Once Devine had a handle on that, he was ready to put the finishing touches on Brother’s Blood. While the record does tackle some fairly weighty themes, including religion and politics, personal reflections are nothing new for Devine.
“I’ve always been someone who’s been obsessed with conscious, both personally and socially, and obsessed with why we do what we do,” Devine points out. “I’m certainly not as neurotic about the world as I was in my early 20s, but that doesn’t mean I’m still not confused and dissatisfied by a lot of things. So the record is also about the personal and the political, and how they both enmesh with one another and can throw your head for a loop a little bit.”
To express these ideas, Devine ended up making the most eclectic record of his career, encompassing everything from the quiet, acoustic strumming of Elliott Smith on “All of Everything, Erased” to the raw power of Nirvana on the title track.
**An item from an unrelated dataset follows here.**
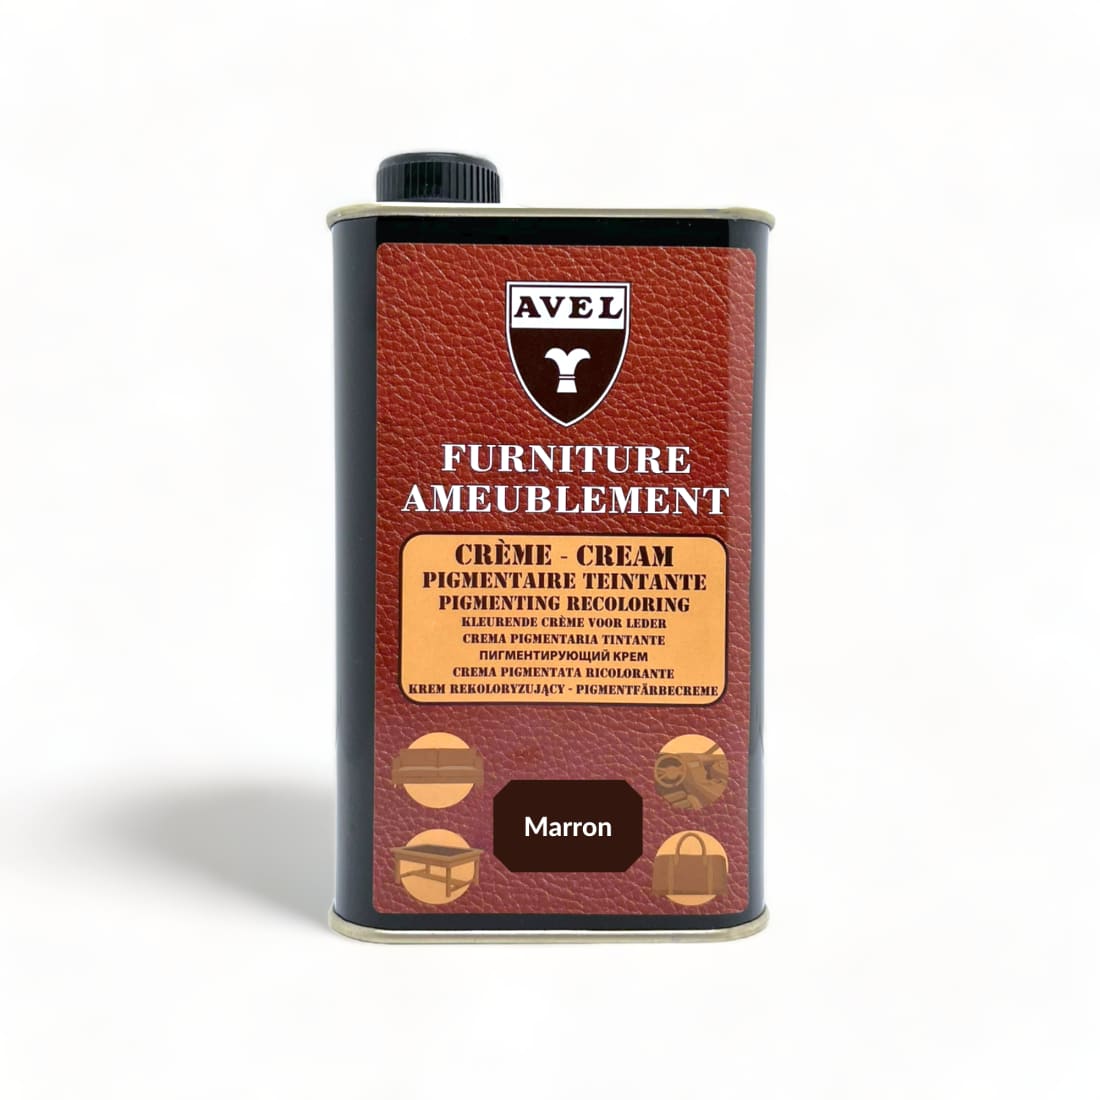 Crème Pigmentaire Teintante Marron - Avel - 375 ml -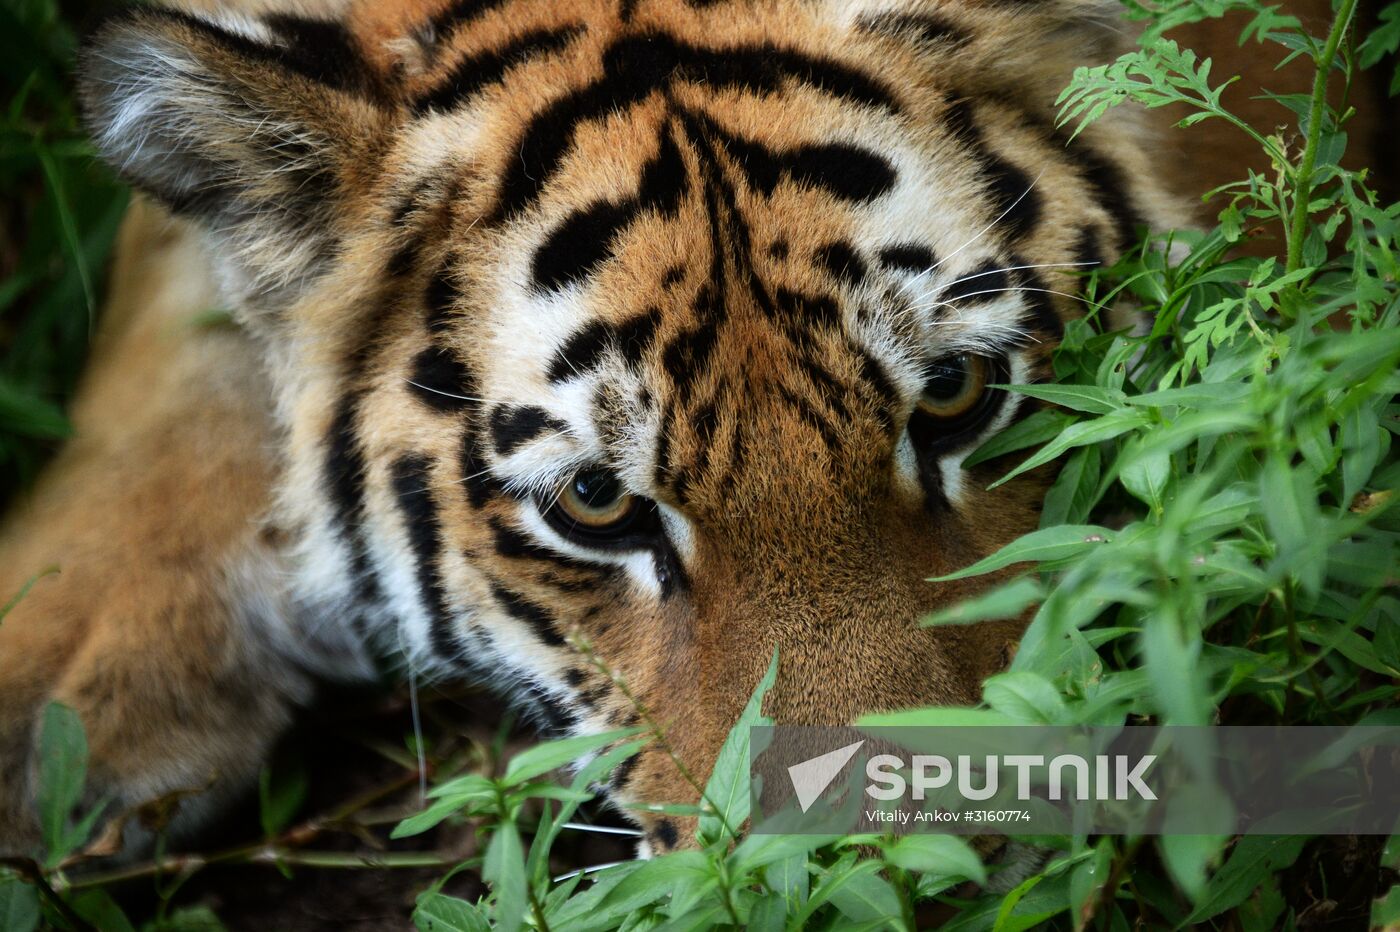 Young tiger Sherkhan and Tabaki dog in Primorye Safari Park

“Instead of trying to make this overly ambitious thing, I just wanted to make a record where all the different things I like about the music I listen to and about songwriting are all represented,” he admits.
Now as Devine heads back out for his biggest headlining tour yet with the economy struggling and the future cloudy, he’s grateful to have just made it this far.
“I realize that something like this is fickle, and it’s subject to the whims of popular reception. Something that people like today, they might not like a couple years down the line,” he says. “So I try and not take it for granted that these people choose to spend 10 bucks and three hours of their time with me because they could be spending that time and that money in other places. I know that might sound cheesy, but I really mean that.”